ISTODAX® (romidepsin): We received a Notice Letter dated March 17, 2014 from Fresenius Kabi USA, LLC (Fresenius) notifying us of Fresenius’s ANDA that seeks approval from the FDA to market a generic version of romidepsin for injection. The Notice Letter contains Paragraph IV certifications against U.S. Patent Nos. 7,608,280 and 7,611,724 that are listed in the Orange Book for ISTODAX®.  We are reviewing the Notice Letter and its implications and considering our response.
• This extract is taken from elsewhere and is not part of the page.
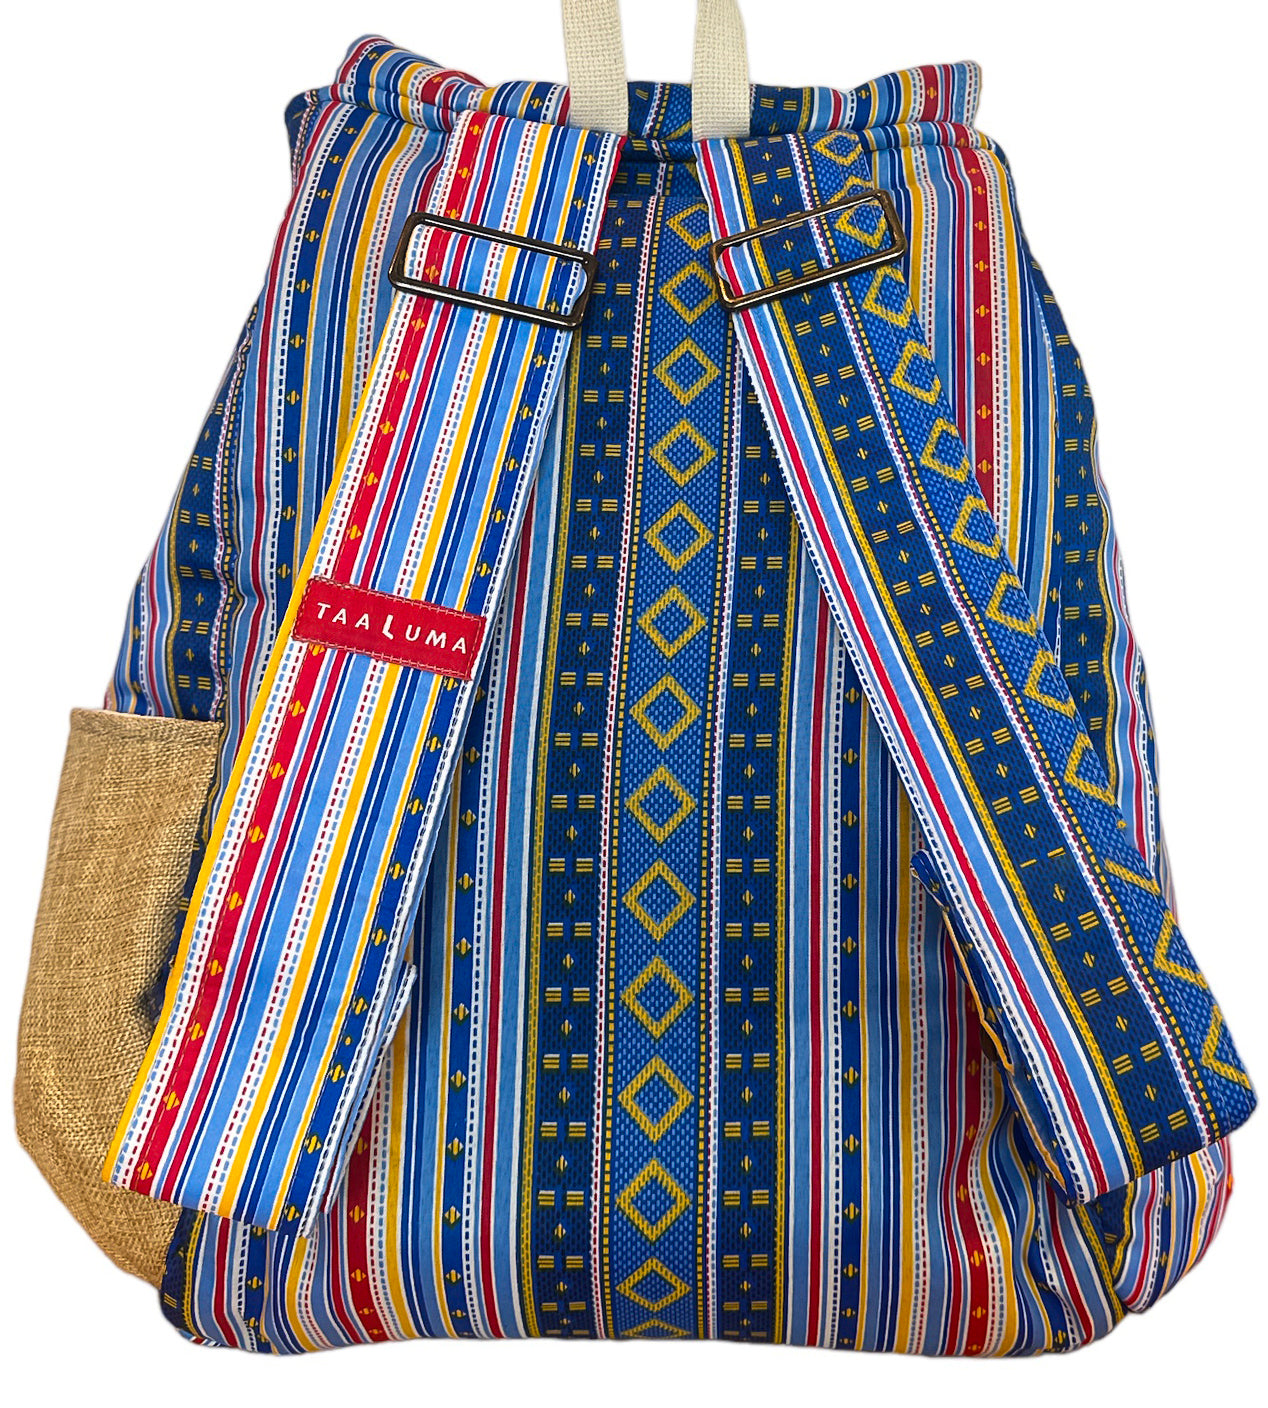 Philippines Tote (by Rebecca Wong)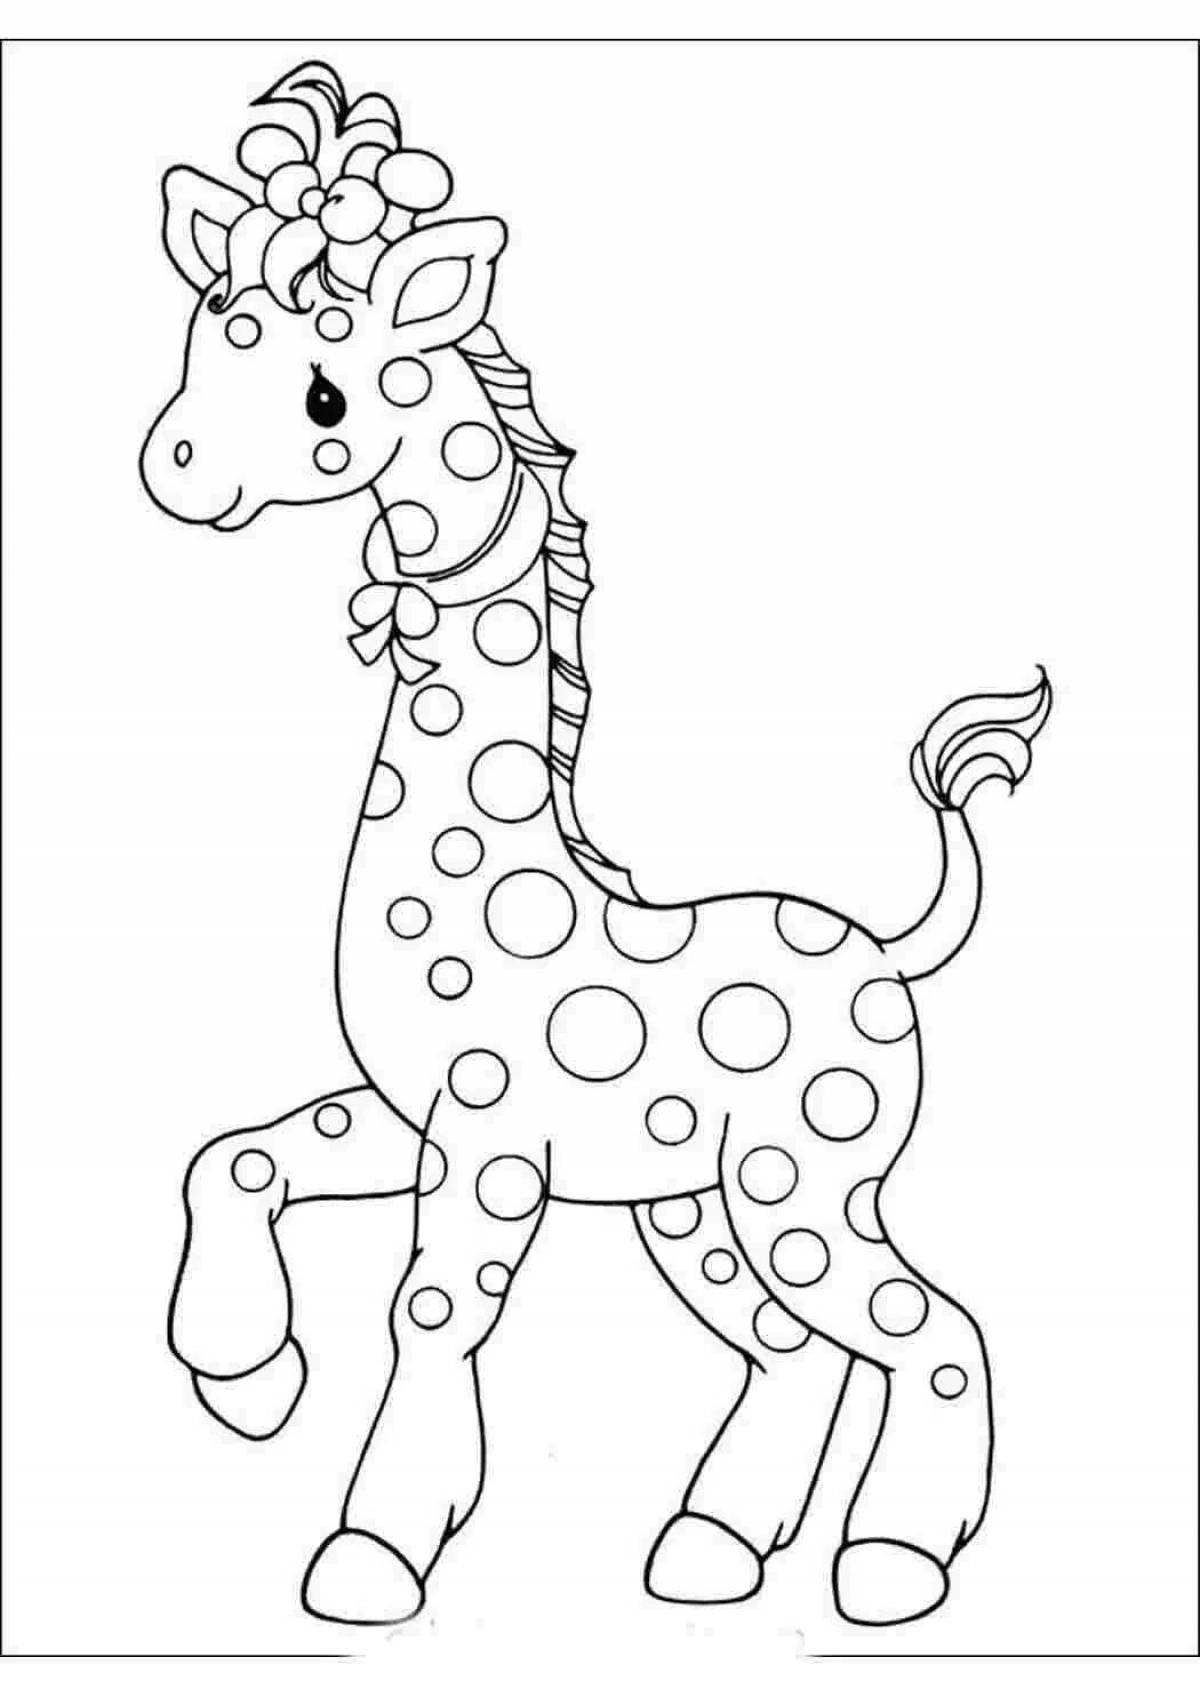 Exquisite giraffe coloring book for kids

Non-Patent Related Proceedings:
 
In 2009, we received a Civil Investigative Demand (CID) from the U.S. Federal Trade Commission (FTC) seeking documents and other information relating to requests by manufacturers of generic drugs to purchase our patented REVLIMID® and THALOMID® brand drugs in order for the FTC to evaluate whether there may be reason to believe that we have engaged in unfair methods of competition. In 2010, the State of Connecticut issued a subpoena referring to the same issues raised by the 2009 CID. Also in 2010, we received a second CID from the FTC relating to this matter.  We continue to cooperate with the FTC and State of Connecticut investigations.
 
On April 3, 2014, Mylan Pharmaceuticals Inc. (Mylan) filed a lawsuit against us in the United States District Court for the District of New Jersey alleging that we violated various federal and state antitrust and unfair competition laws by allegedly refusing to sell samples of our THALOMID® and REVLIMID® brand drugs so that Mylan can conduct the bioequivalence testing needed to submit ANDAs to the FDA for approval to market generic versions of these products. Mylan is seeking injunctive relief, damages and declaratory judgment. Our answer to Mylan’s complaint is due on May 25, 2014. An initial scheduling conference in this matter will be held on June 3, 2014. We intend to vigorously defend against Mylan’s claims.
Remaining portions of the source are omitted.